Write out the listing below exactly, and omit any images you find in it.
[Information provided Boundary: Start]
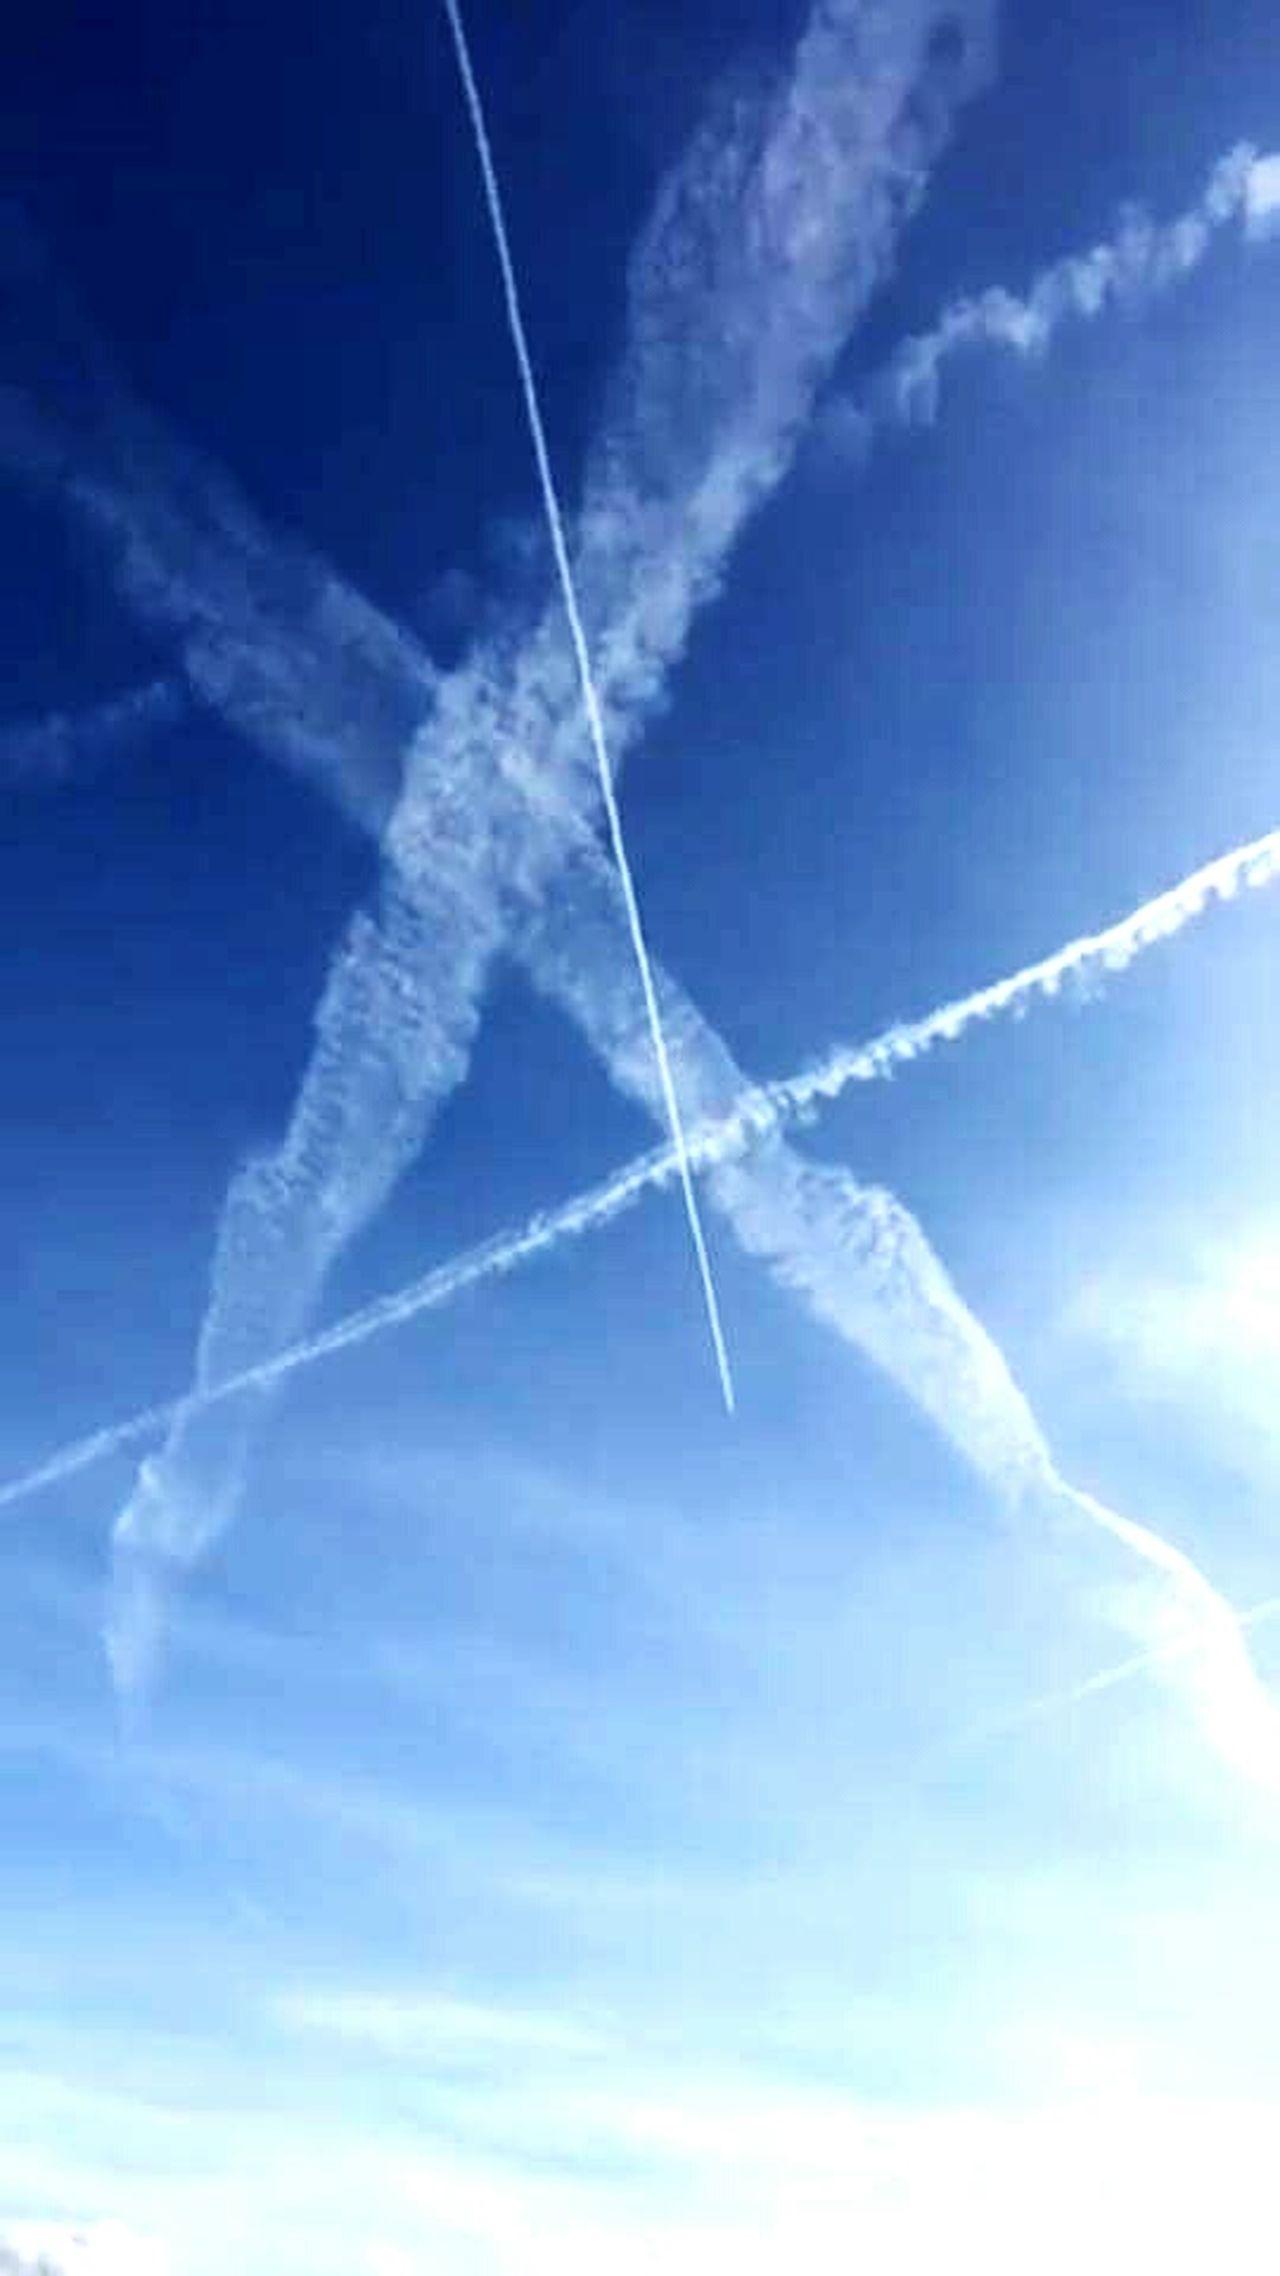 Haze Aerosols GeoEngineering Whatthefuckaretheyspraying Chemtrails Chemical Sky Spraying
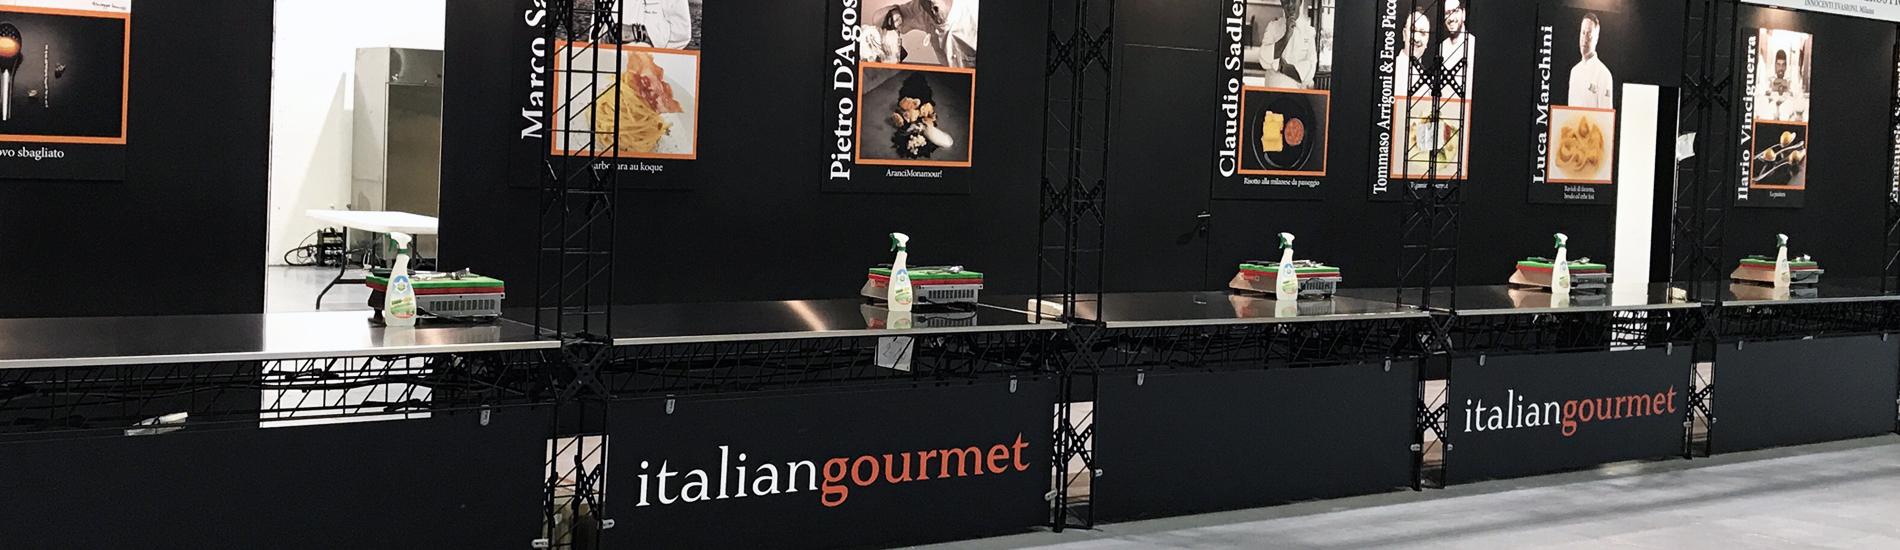 italian-gourmet
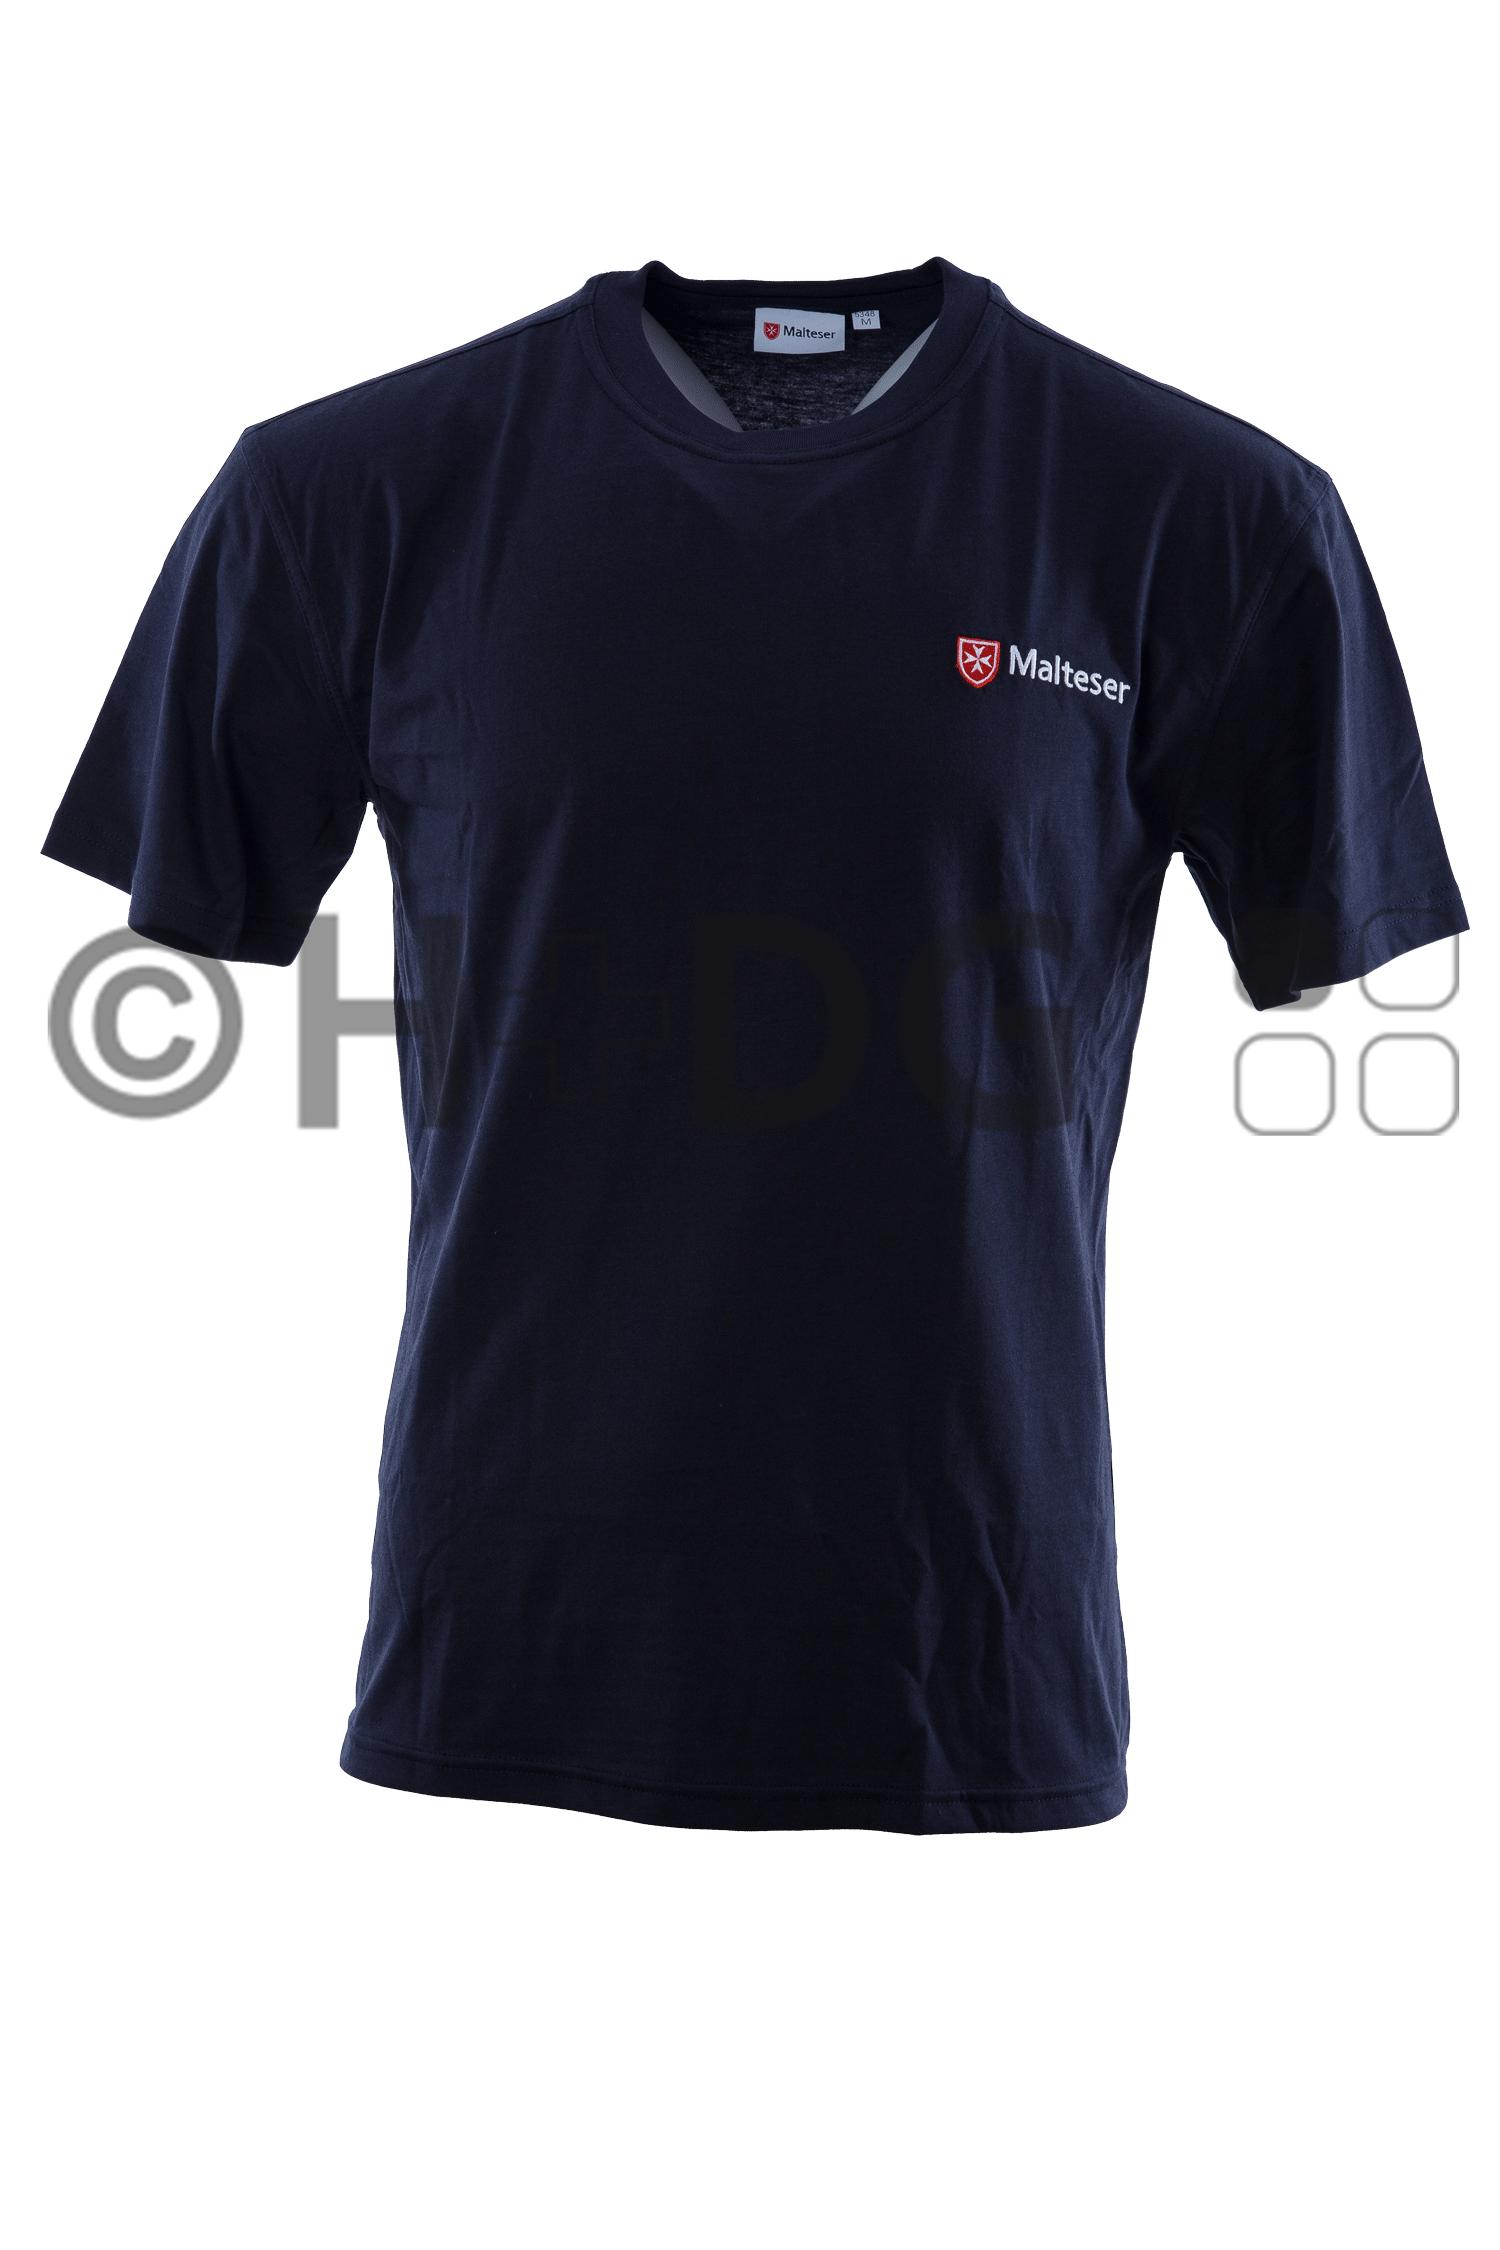 Malteser SSD-T-Shirt, dunkelblau | H+DG | {Schulsanitäter ausweis 67}
[Information provided Boundary: End]
Output of the exercise:
 Haze Aerosols GeoEngineering Whatthefuckaretheyspraying Chemtrails Chemical Sky Spraying
 italian-gourmet
 Malteser SSD-T-Shirt, dunkelblau | H+DG | {Schulsanitäter ausweis 67}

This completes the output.